Friday, December 10, 2010
The tour kicked off in Chinatown at the Hayden Building (1875). There, tour participants heard about plans to redevelop the building and were able to explore the upper stories of the Boston Landmark, which is H.H. Richardson’s only remaining commercial building in the city.
Next, the group traveled to Dudley Square, where they visited the project site of HBI’s future headquarters, the Eustis Street Fire House (1859) and the adjacent Eliot Burying Ground (1630s). While taking a look at the rear of the Fire House from the burying ground, the group heard about the efforts to conduct a comprehensive archaeological survey of the historically sensitive site. With the gate open to the Burying Ground, some curious kids from the neighborhood also came in to investigate the ancient gravestones. Upon their move to the Fire House this spring, Historic Boston hopes to become a helpful steward of the burying ground, and allow for it to be open more frequently.
After the Eustis Street Fire House, the group rode up the hill to visit the Alvah Kittredge House in Highland Park, where the group fell silent upon seeing its current condition. The group was able to look across the square towards the Alvah Kittredge Park Rowhouses, an HBI supported project in the early 2000s. The bus also took us by the Spooner Lambert House (1782), an HBI project that restored the house to its original grandeur, and provided much-needed home ownership opportunities in the neighborhood.
Next, the group traveled through Upham’s Corner, where we learned about the Commercial Casebook project, and onto the Anna Clapp Harris Smith House on Pleasant Street.

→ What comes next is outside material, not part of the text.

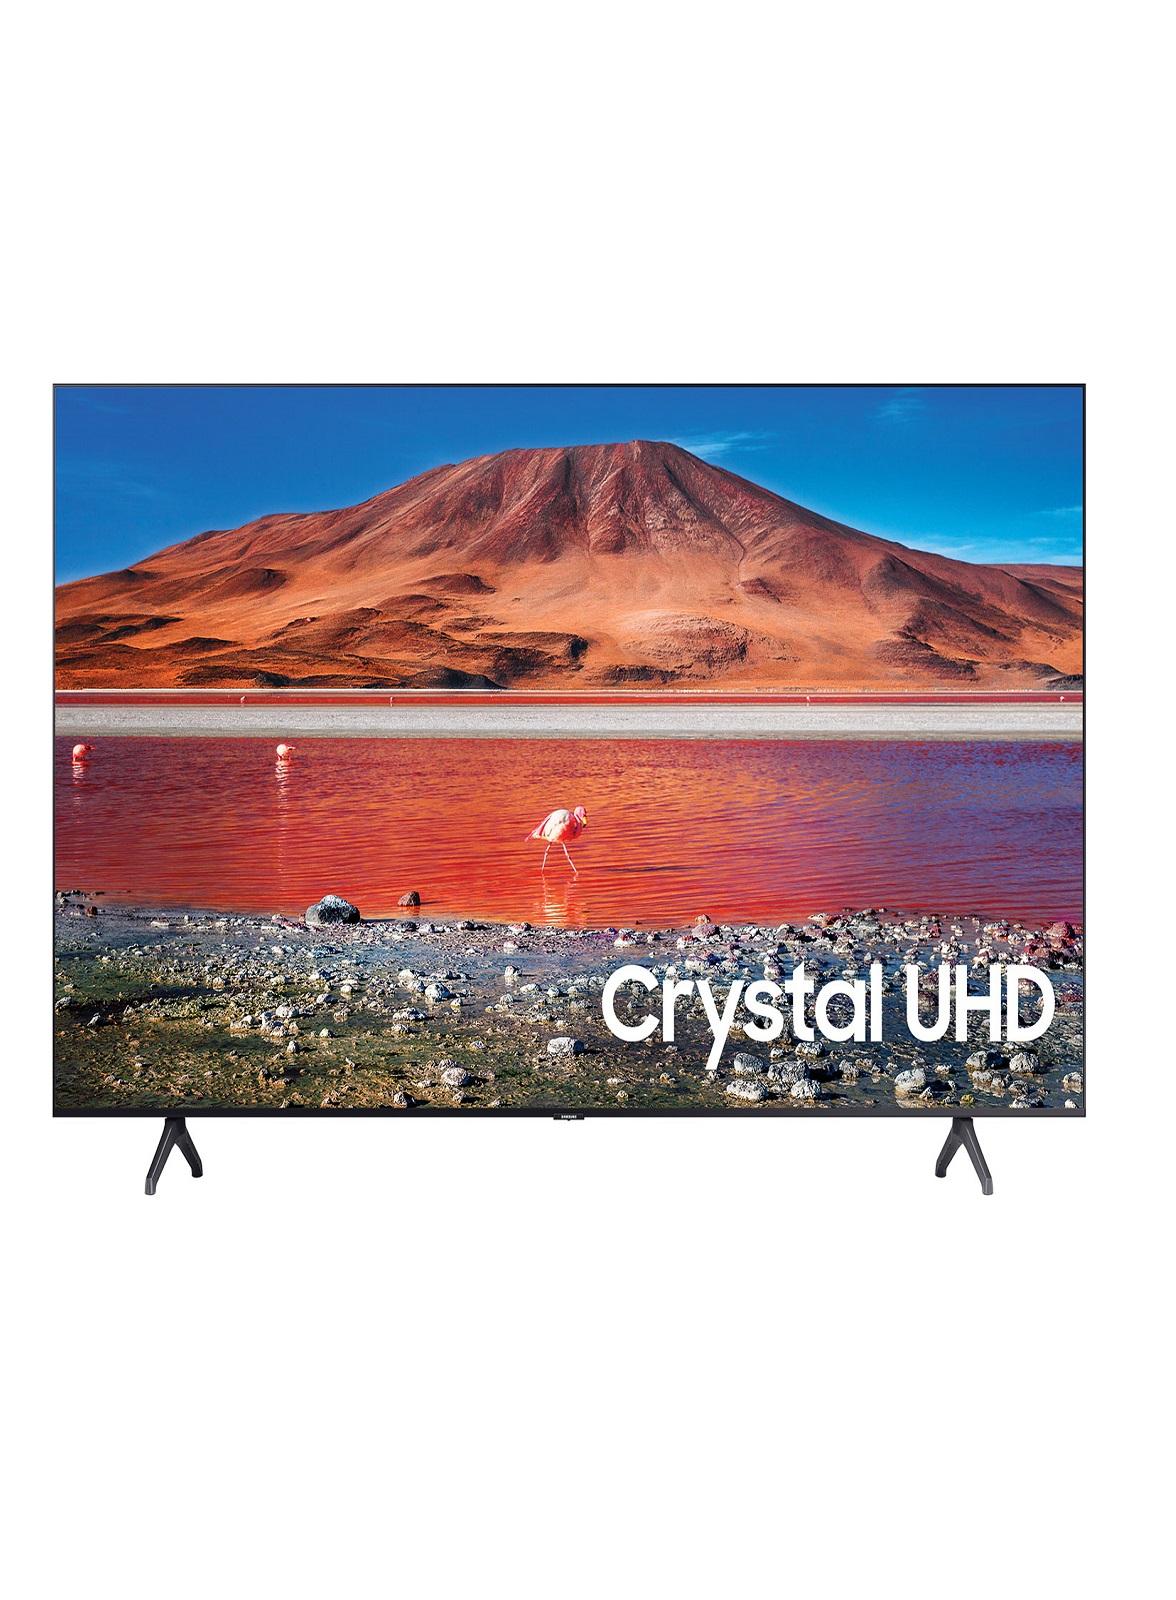 Samsung TU7000 Crystal UHD 4K Smart TV 75 شاشة تلفاز

There, the group learned about the Handmade Houses program, and HBI’s partnership with North Bennet Street School. The participants were able to tour the 1804 Federal period house and heard directly from the preservation carpentry students about the work that has been done so far.
To round out the project tour, the group visited Fields Corner, where they learned about the Historic Neighborhood Centers program, and about HBI’s current project at the Golden Building. There, the group also took advantage of Fields Corner’s fantastic Vietnamese food and gathered at the newly relocated Pho Hoa restaurant to further discuss HBI’s growing pipeline of projects.
We thank our colleagues, partners and friends for taking time out of their busy schedules to travel through Boston’s neighborhoods to tour our current projects. We couldn’t do it without you!